SDXL CollageNet

A personal fork of Joel Simon's CollageNet adding an interactive img2img workflow on top of Joel's diffusion-time region projection. The original README is preserved verbatim below the divider.

What's new in this fork

Gradio web UI (app.py) — drag-and-drop input image, live sliders, three render modes (Render / Sweep / Party), no Jupyter required.
Img2img + projection — uses an input image to guide SDXL through StableDiffusionXLImg2ImgPipeline, then layers Joel's region projection on top during denoising.
Party mode 🎉 — generates batches of random parameter combinations to surface unexpected aesthetics. Each render is logged to a CSV so you can recreate any specific output.
random_square region method — quadtree subdivision into mixed-size squares; less regular than the existing square method.
Standalone experiment notebook (img2img_experiment.ipynb) — Jupyter sandbox version of the same flow, useful for poking at internals.

Gallery

"A portrait" + 4 texture images + selfie

Texture source images used for the patch bank:

"A game of tetris" + wood patch bank + Bryce Canyon poster

Wood source images used for the patch bank:

Mona Lisa test

Interface

Experiment notebook (img2img_experiment.ipynb):

Gradio app (app.py):

Running the new pieces

After completing the setup in the original README below, install Gradio and launch:

pip install gradio
python app.py

Opens at http://localhost:7860. Set the source images folder path at the top, drag in an input image, dial the sliders, and click Render. Sweep and Party tabs run batches of variations.

Or use the standalone notebook for the same flow in a Jupyter cell:

jupyter lab img2img_experiment.ipynb

The original main.ipynb and render.py from upstream still work as before.

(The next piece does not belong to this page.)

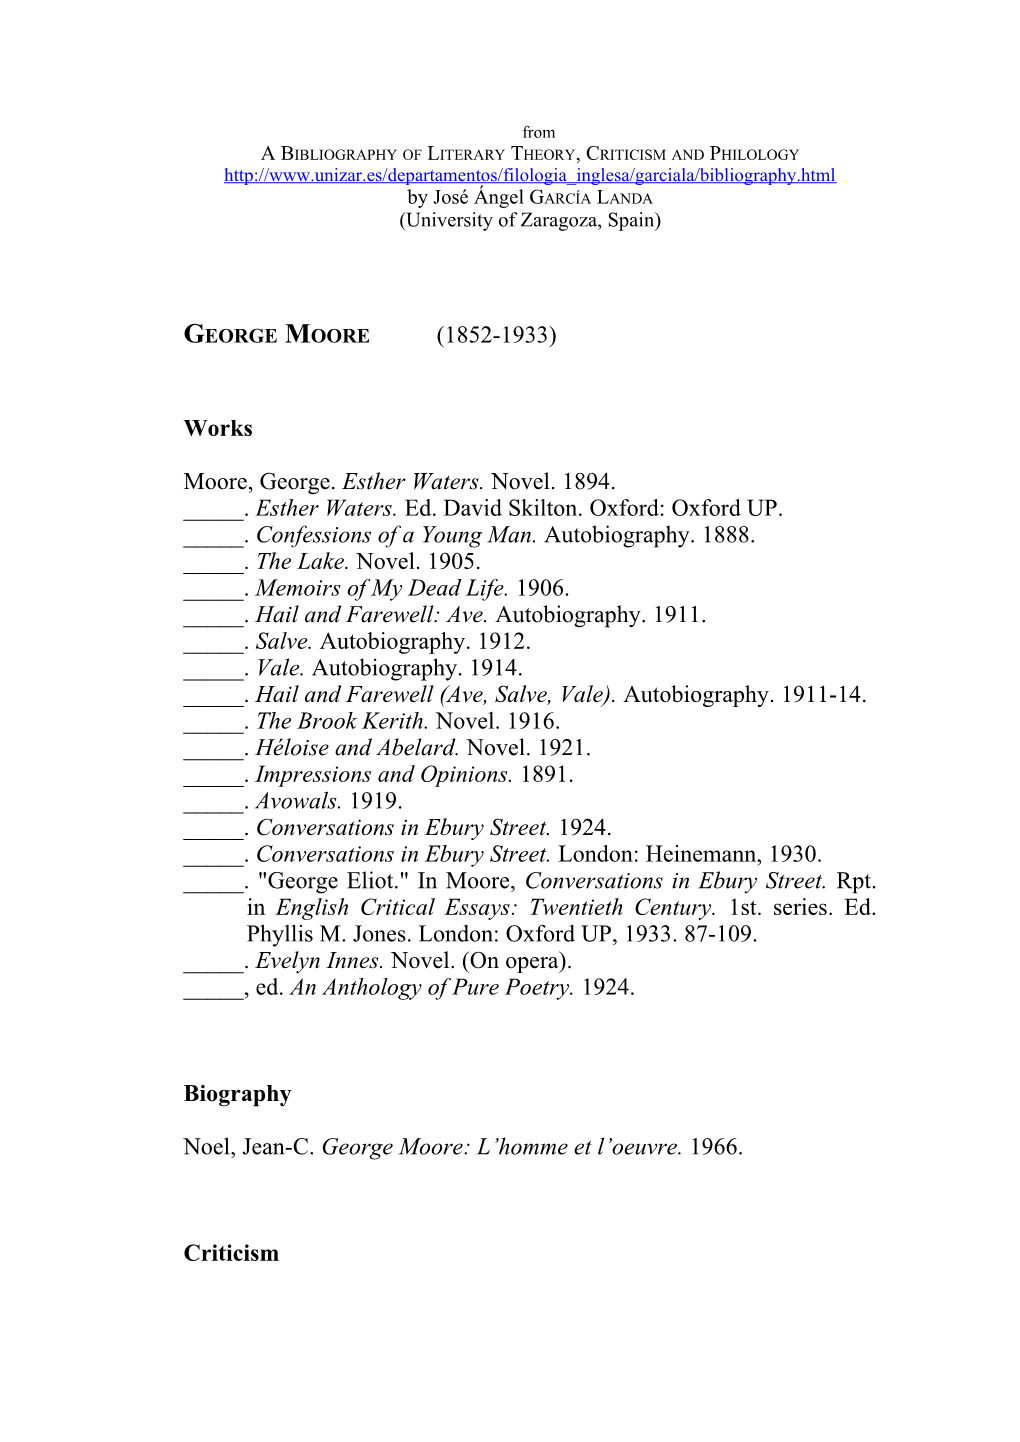 A Bibliography of Literary Theory, Criticism and Philology s22
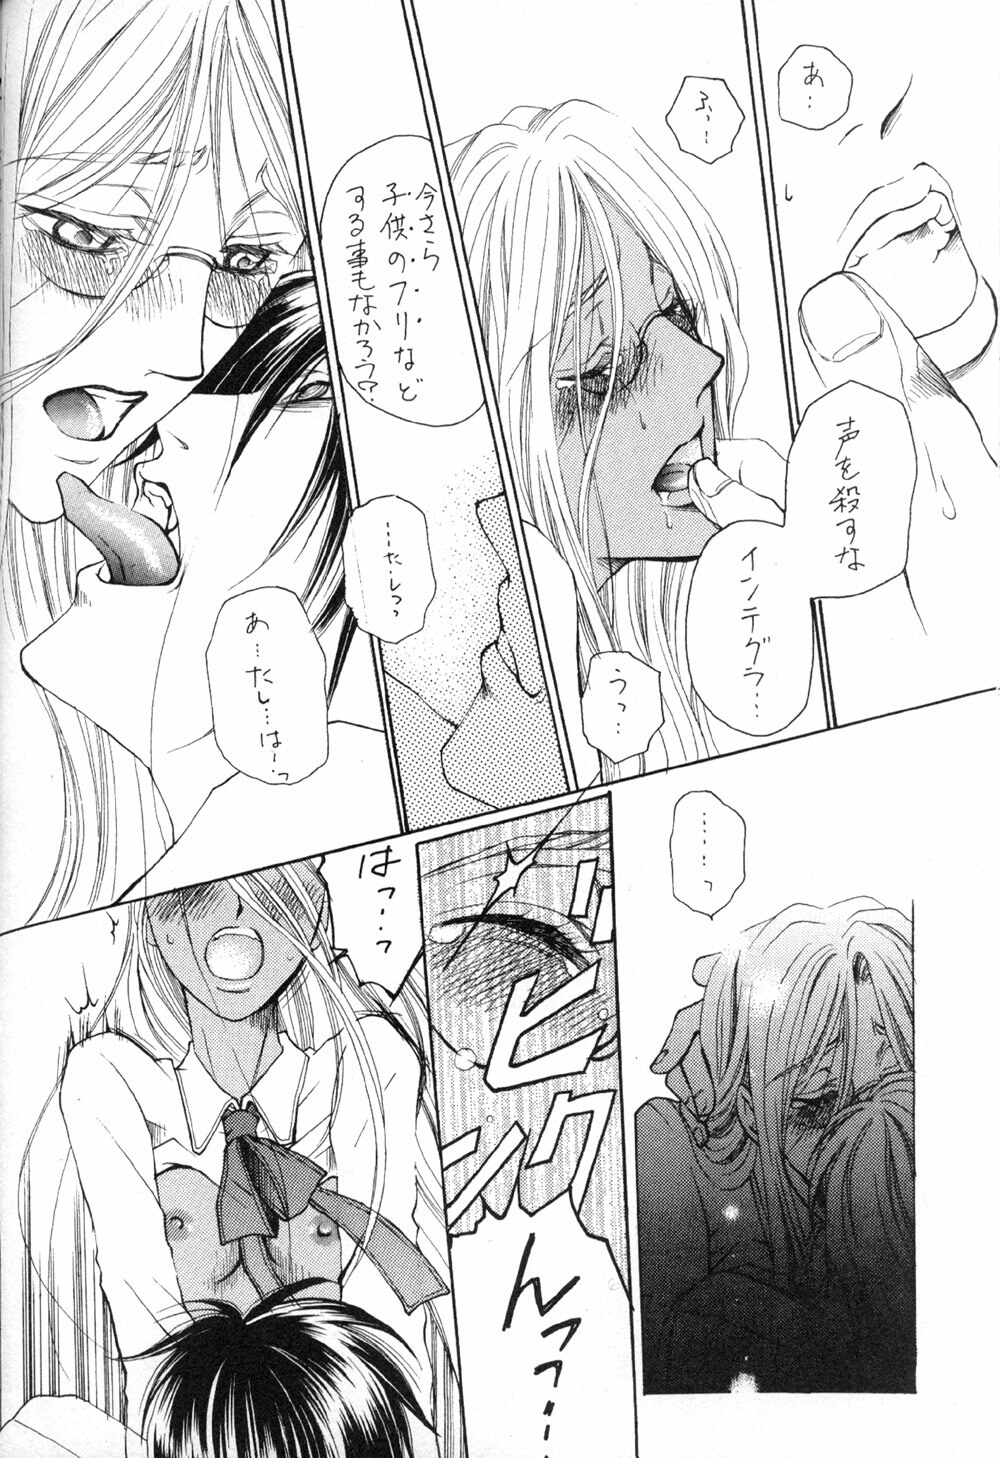 The Long Tunnel of Wanting You (Hellsing) page 16 full

Diffusion-time region-based collage rendering for SDXL.

This project guides SDXL generation with a bank of reference image latents, then reconstructs a sharp collage-style final image from the original source pixels.

The recommended region method is felzenszwalb.

Core Idea

Instead of stylizing only after generation, this project interrupts SDXL during denoising:

Read the current latent.
Segment it into regions.
Sample same-size candidate windows from a reference latent bank.
Score candidates with masked cosine similarity in latent space.
Blend the best-matching region back into the latent.
Continue denoising.

After diffusion, the final assignment map is used to render a sharp pixel collage from the original source images.

Quick Start

Start from the default YAML config:

python render.py --config configs/default.yaml

YAML keys use snake_case. CLI overrides prefer kebab-case, for example:

YAML: felzenszwalb_sigma
CLI: --felzenszwalb-sigma

For convenience, the CLI also accepts underscore-style flags such as --felzenszwalb_sigma.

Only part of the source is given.